START Data shown
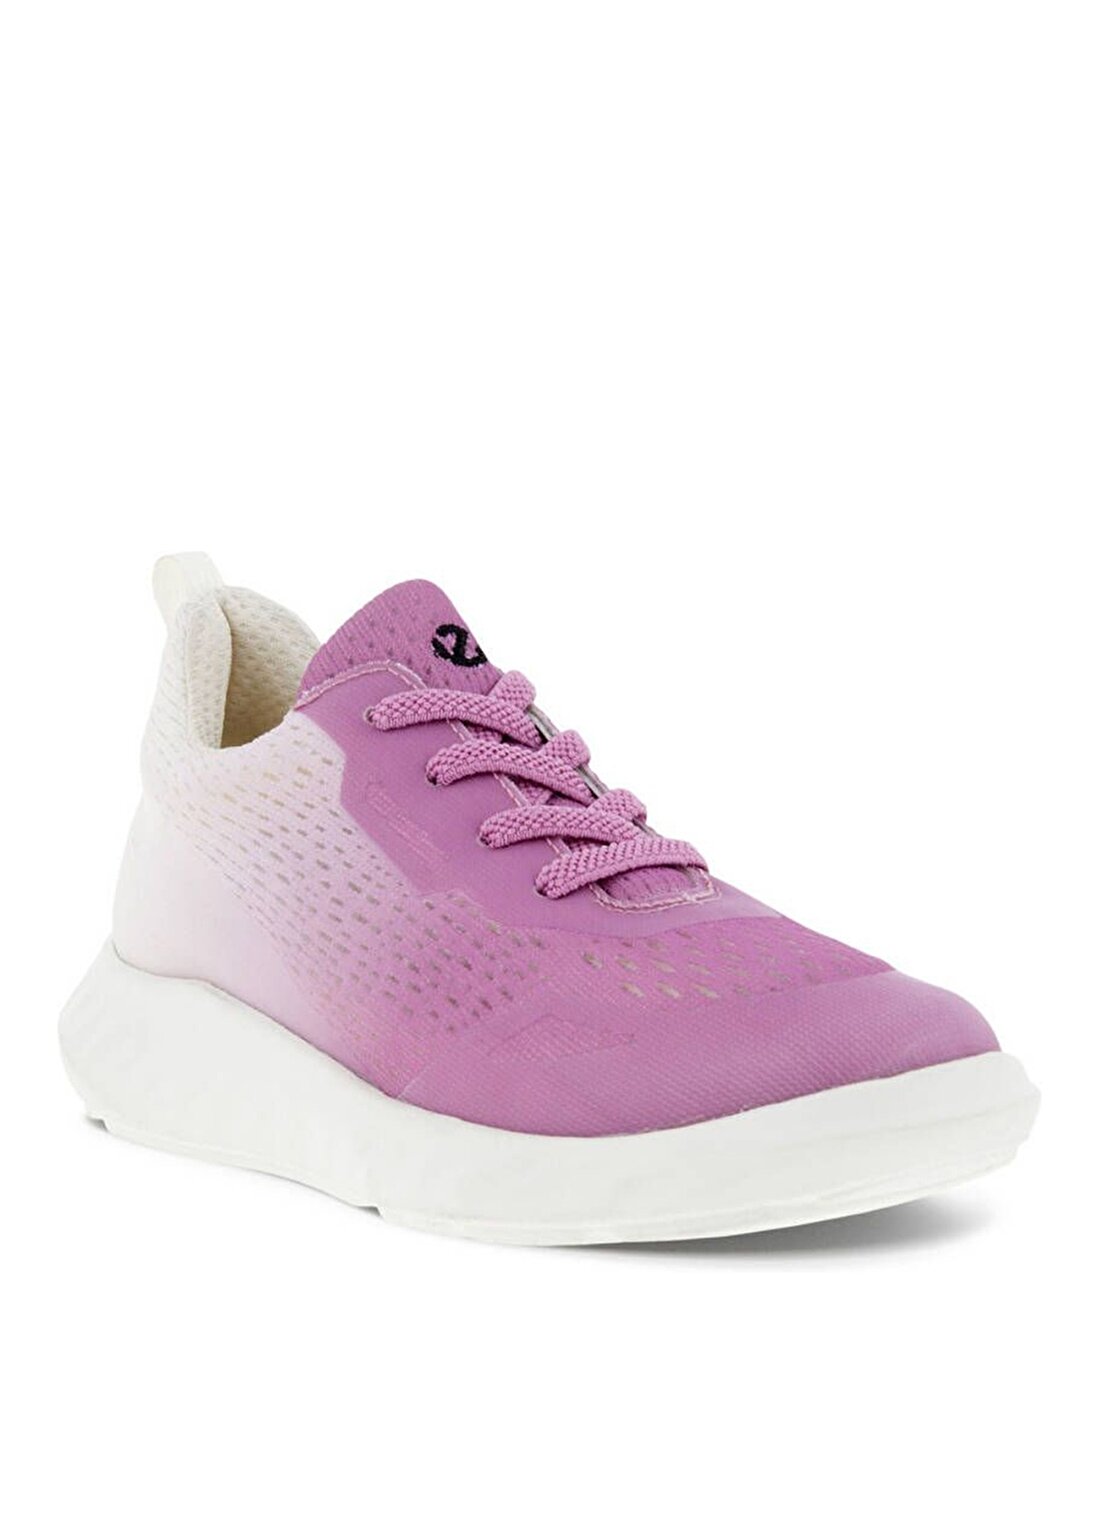 Ecco Pembe Kız Çocuk Günlük Ayakkabı SP1 Lite K Pink Textile
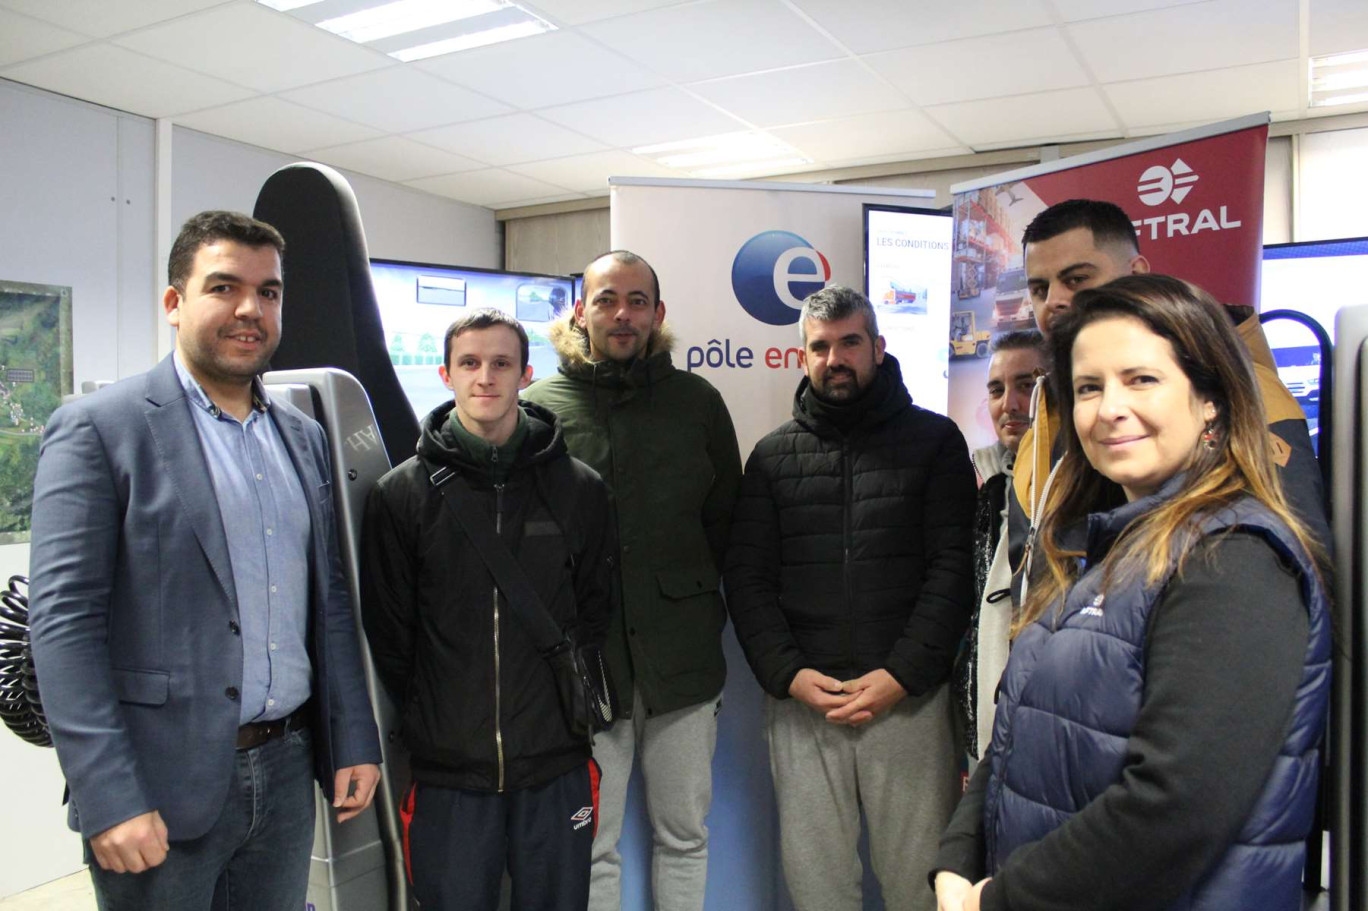  (à g.)Youssef El Grimat, directeur de l’agence Pôle emploi de Laon et Tatiana Degroise, directrice du site Aftral de Laon, ont accueilli des candidats à une formation en conduite poids lourds. 
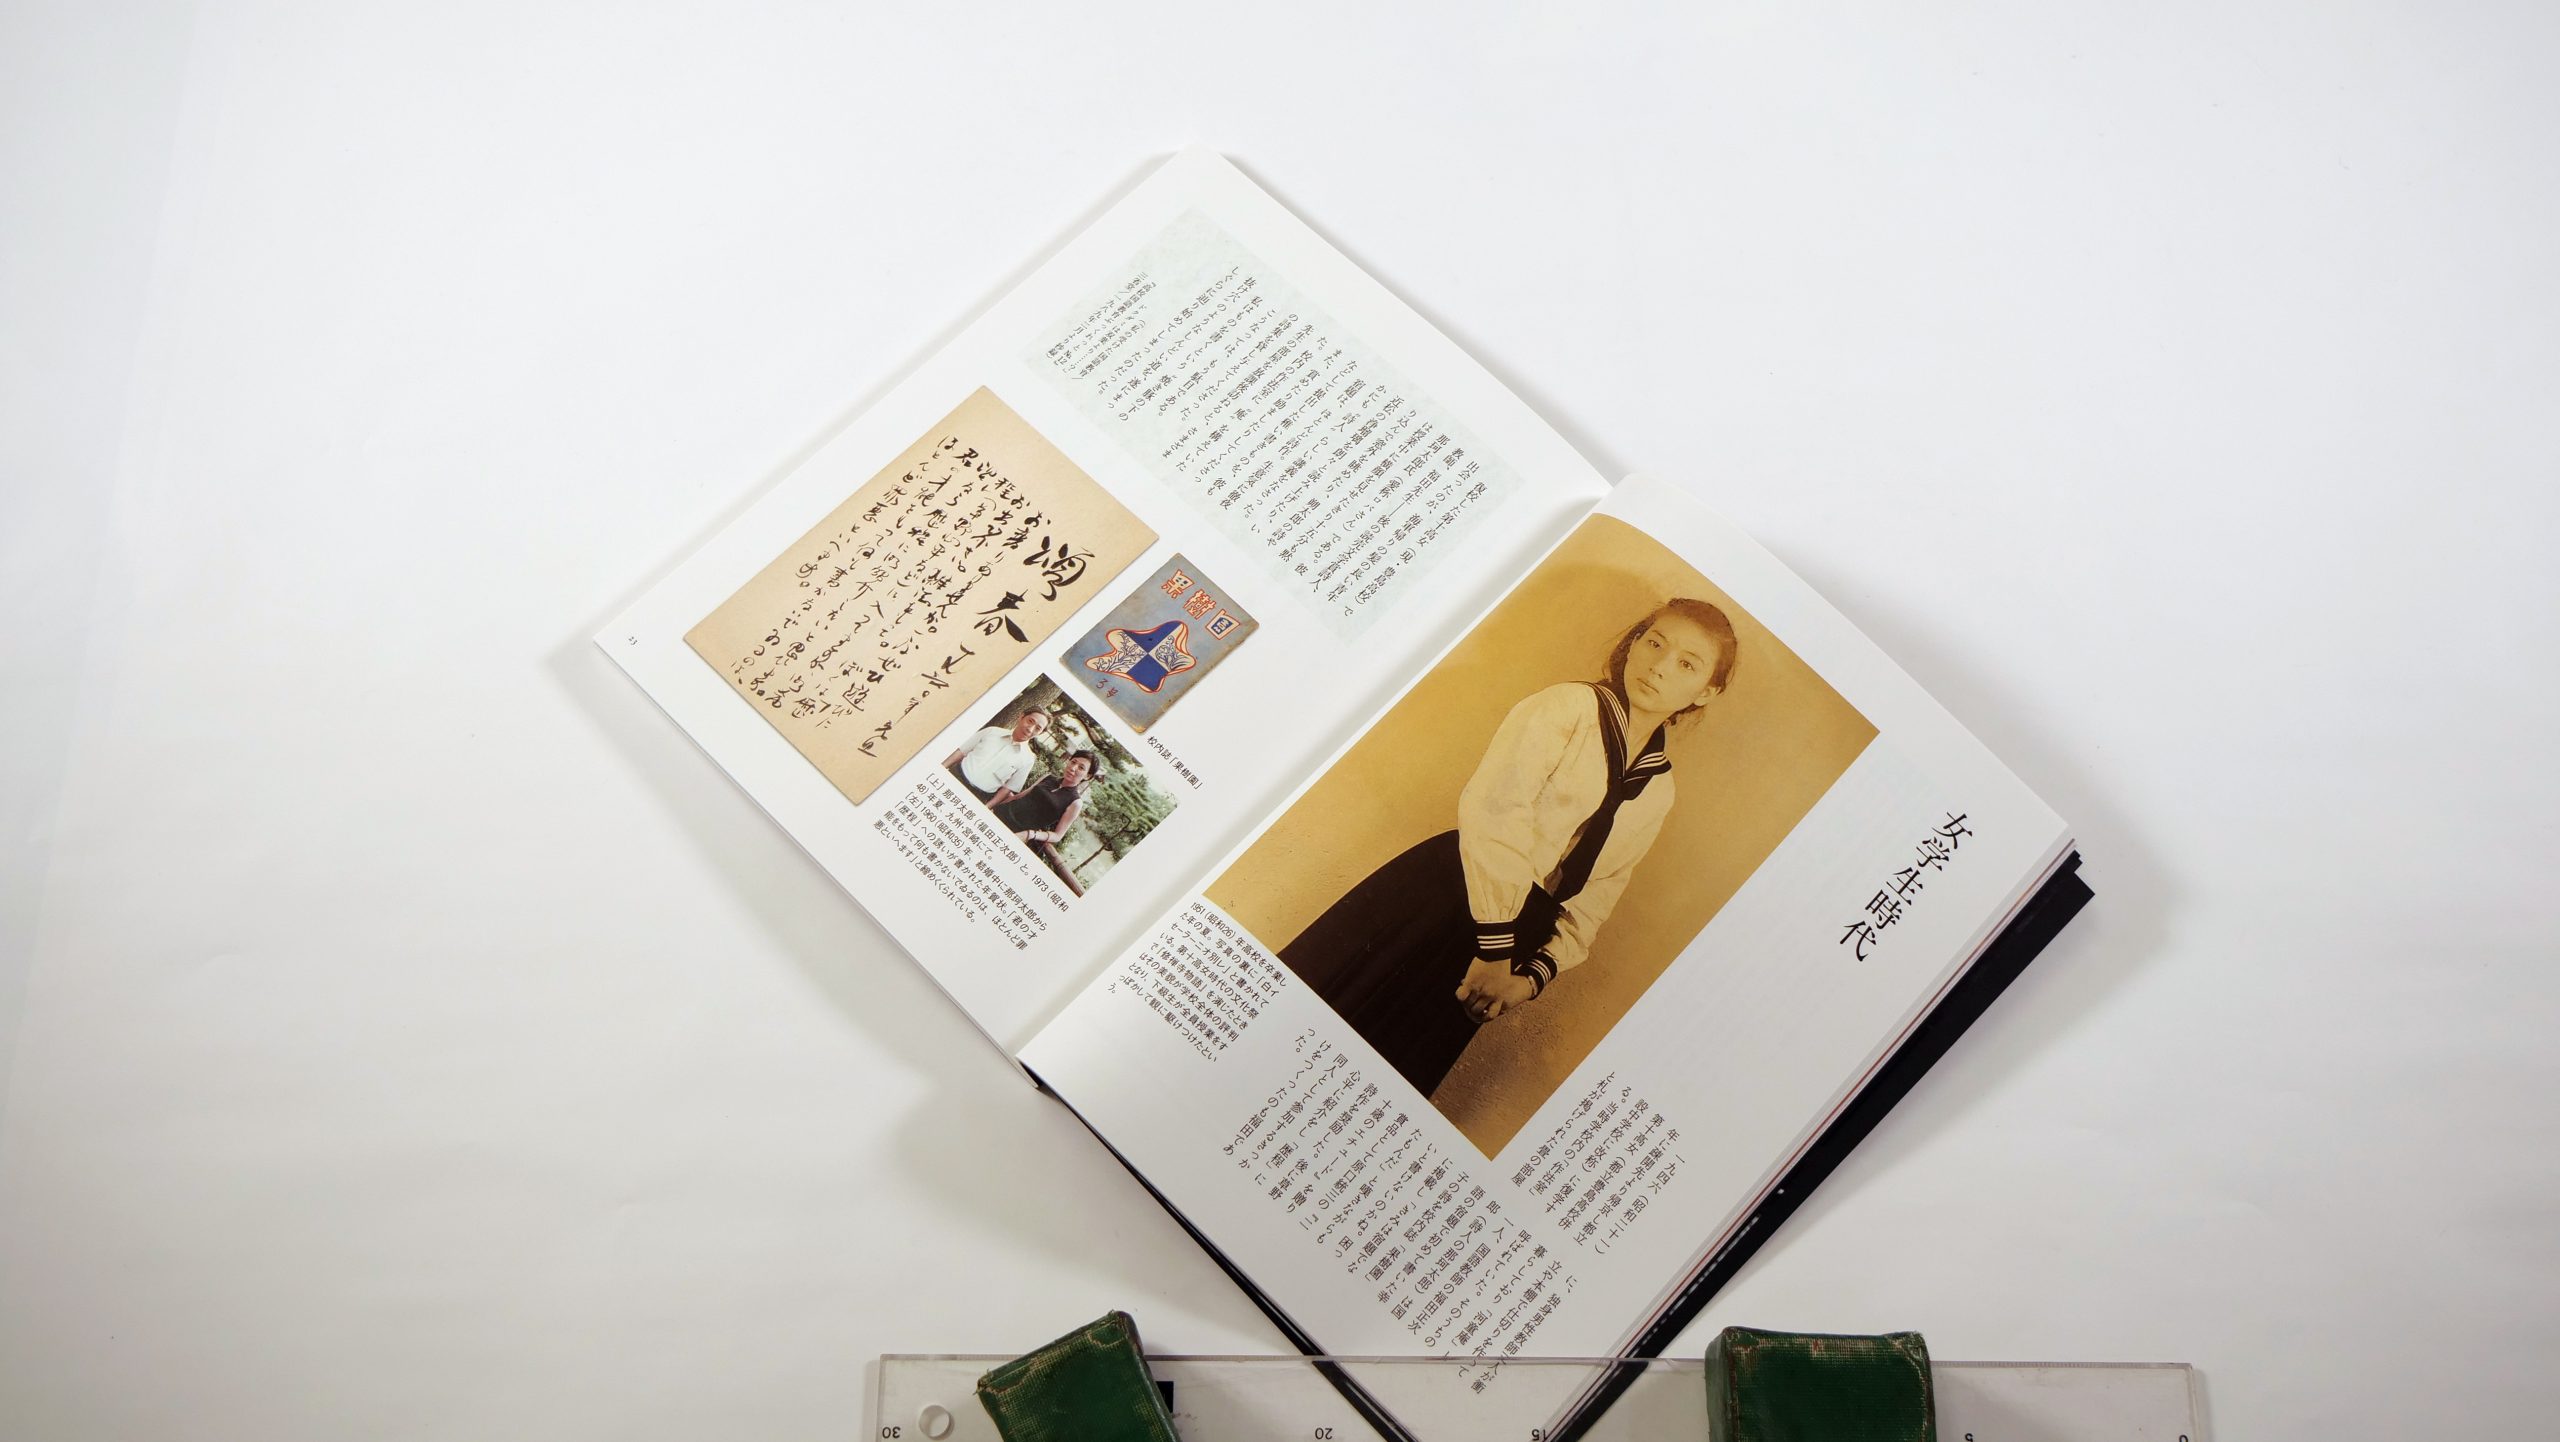 透明でみずみずしい言葉と圧倒的カリスマ性で現代詩をリードし、愛のために歌い続けた吉原幸子という詩人の作品と生涯 - 東京印書館 |  写真集・展覧会図録・絵本・その他印刷物の企画制作| TOKYO INSHOKAN PRINTING CO.
END Data shown
— Work item —
Write out the whole listing exactly. Pictures stay out.

— Response area —
 Ecco Pembe Kız Çocuk Günlük Ayakkabı SP1 Lite K Pink Textile
  (à g.)Youssef El Grimat, directeur de l’agence Pôle emploi de Laon et Tatiana Degroise, directrice du site Aftral de Laon, ont accueilli des candidats à une formation en conduite poids lourds. 
 透明でみずみずしい言葉と圧倒的カリスマ性で現代詩をリードし、愛のために歌い続けた吉原幸子という詩人の作品と生涯 - 東京印書館 |  写真集・展覧会図録・絵本・その他印刷物の企画制作| TOKYO INSHOKAN PRINTING CO.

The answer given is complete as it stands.